It takes the average person seven times to leave an abusive relationship.Perpetual Neo
I love musicals, and over the past few weeks I’ve been listening to The Greatest Showman soundtrack. Chasing your dreams, faith in yourself, taking that risk, being a misfit, going outside your comfort zone, owning your uniqueness are all themes that resonate with me. But lately it’s the song “Never Enough” that echos in my mind, and I catch myself humming the chorus during the day. The thought, to never be satisfied, even if you have all the stars in the sky…
One of the saddest days of my life was realizing that I didn’t really mean anything to the person I had given everything. It wasn’t a surprise, really. I had known for years that I wasn’t truly appreciated or seen as an individual, I was only an object. To give, to serve, to perform, to be used, to be vilified. I was expected to subjugate my being to another under the guise of love. To play a role, imperfectly as I am human, with lines that would change, sometimes within a conversation, as did the character I was expected to be. I was a princess, a hero, a villain, depending on my partner’s mood. I didn’t realize that I had willingly agreed to this role, continually corrected until I was groomed to the act. Over time, a sea of inconsistency left me spinning and unsure who I was, what I was worth, and what I deserved. It took me many years to understand what was happening. How could I be all these things; that didn’t make sense? It was logic and kindness that finally broke the web I was bound to, bound by my own naivety, misplaced trust, a desire to fix things, to make things right, to be enough.
I don’t know if I can count how many times I’d left in spirit, because over time my heart became numb, my soul gray, and I retreated to my shell. Every time I was made to feel not enough, it would eat away at my self worth. I hadn’t much to begin with, and it was easy to question myself and accept the illusion created by the person in whom I’d placed my trust and faith. The person who claimed to love and cherish me. Didn’t he have my best interests at heart? At least, that’s what he told me. Why would I not believe it? It’s a self sustaining cycle once you buy in, just a little, that spirals you to the depths of the abyss. Time and time again I would slip just a bit, accepting disrespect here, a harsh word there, an imposed rule there, all slowly stripping away not only who I was but attempting to remove those around me who truly cared for me.
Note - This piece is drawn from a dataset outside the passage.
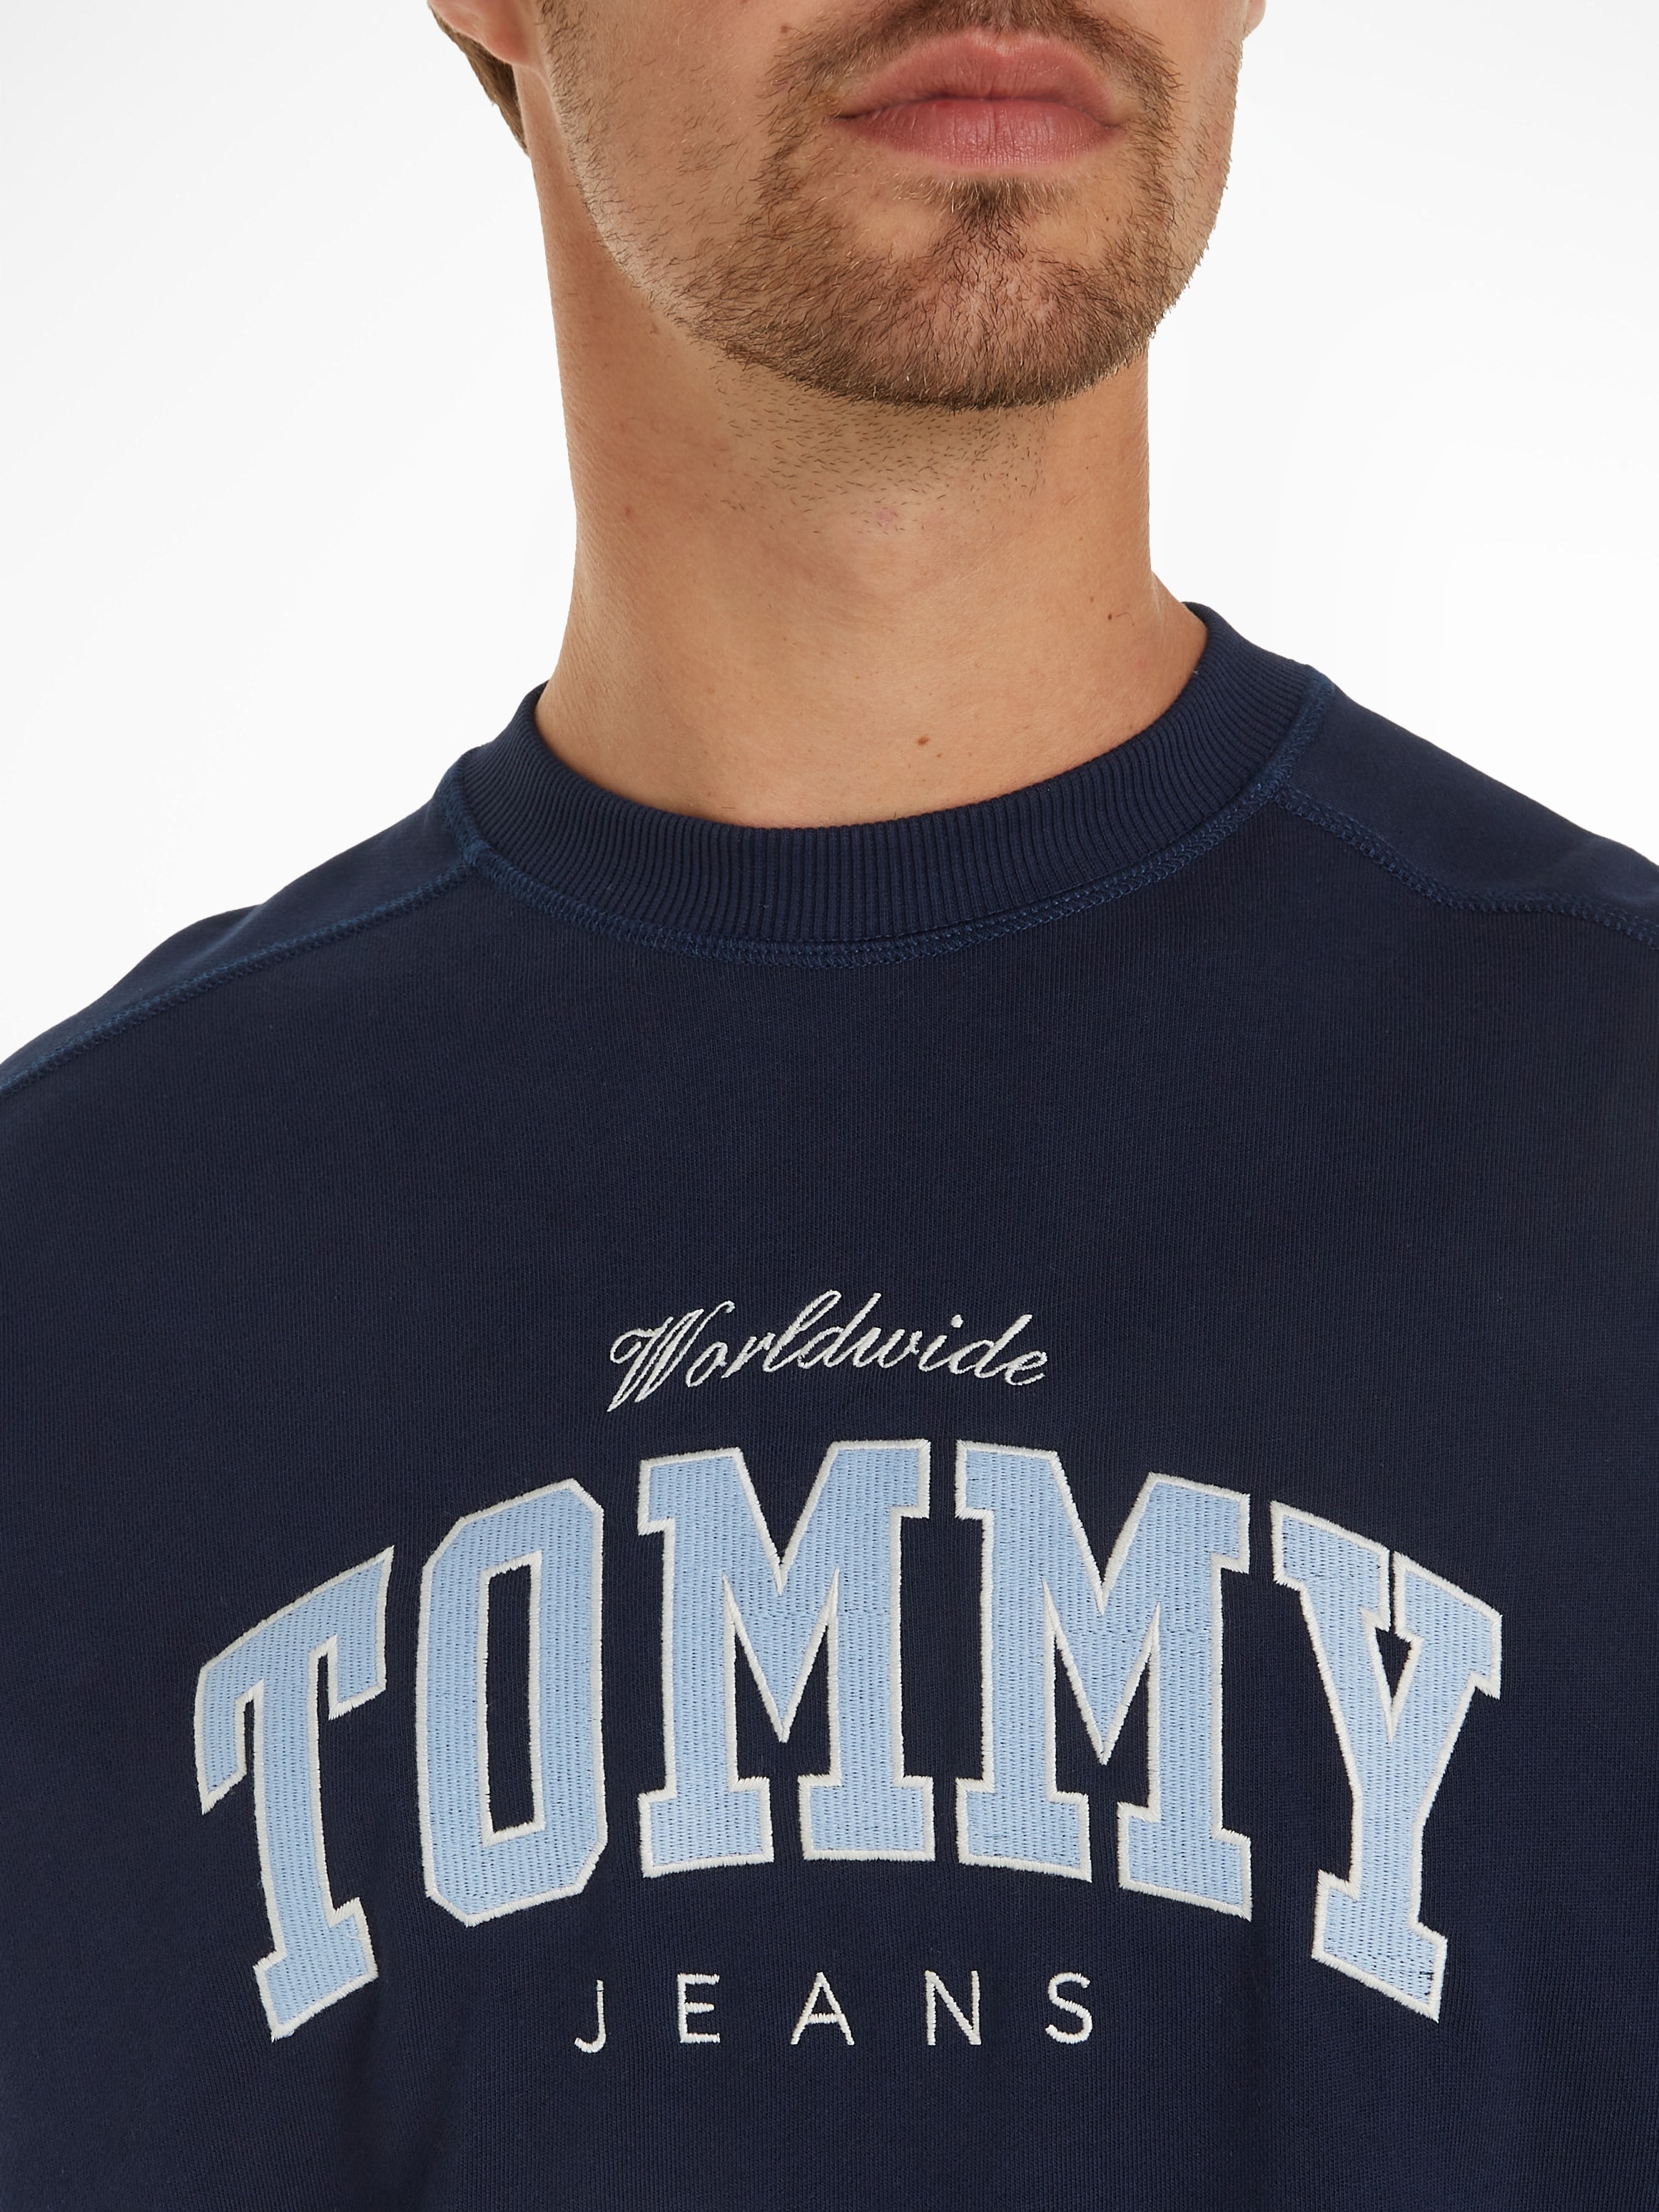 Tommy Jeans Sweatshirt »TJM BOXY VARSITY CREW EXT«

What person says to you that those who have stood by your side, some since birth, don’t love you? Tries to undermine relationships with your friends and family? And expects you to believe it? I did not believe these things. But by then, I was in deep and it was a long swim back to the surface to see the sun. Those who truly loved me sat by, watching and waiting for me to come back to shore. I am humbled everyday to have these special souls in my life, who were there to wipe away my tears, lend me strength, and give me words of solace on days it became too much as I struggled to breathe.
Today I sit and watch the sun rise and set from the place that brings me healing and peace. I used to feel terrible that I could barely feel empathy anymore towards him. I mourned it as a failing of my heart. I know better now. Some people revel in cruel acts and petty drama. The glee in his eyes as he tried to take what I love from me, to punish me, to destroy me, was unmistakable. Even today, I will always be the villain, always wrong, imperfect, and too (fill in the blank, I’ve heard it all) in his mind. I know that no matter what I do, nothing will change that perspective. So I do not bother. For him, nothing is ever enough. I do not know why he is who he is. Fear? Lack of self worth? Lack of empathy? Childhood trauma? It does not matter to me anymore; it is not my journey to walk. I let go. What I am responsible for is my own journey. I choose to fill it with light, love, happiness, and people who see me, accept me, and value who I am. I have been given so much, more than I have dreamed, and for me, it’s always more than enough.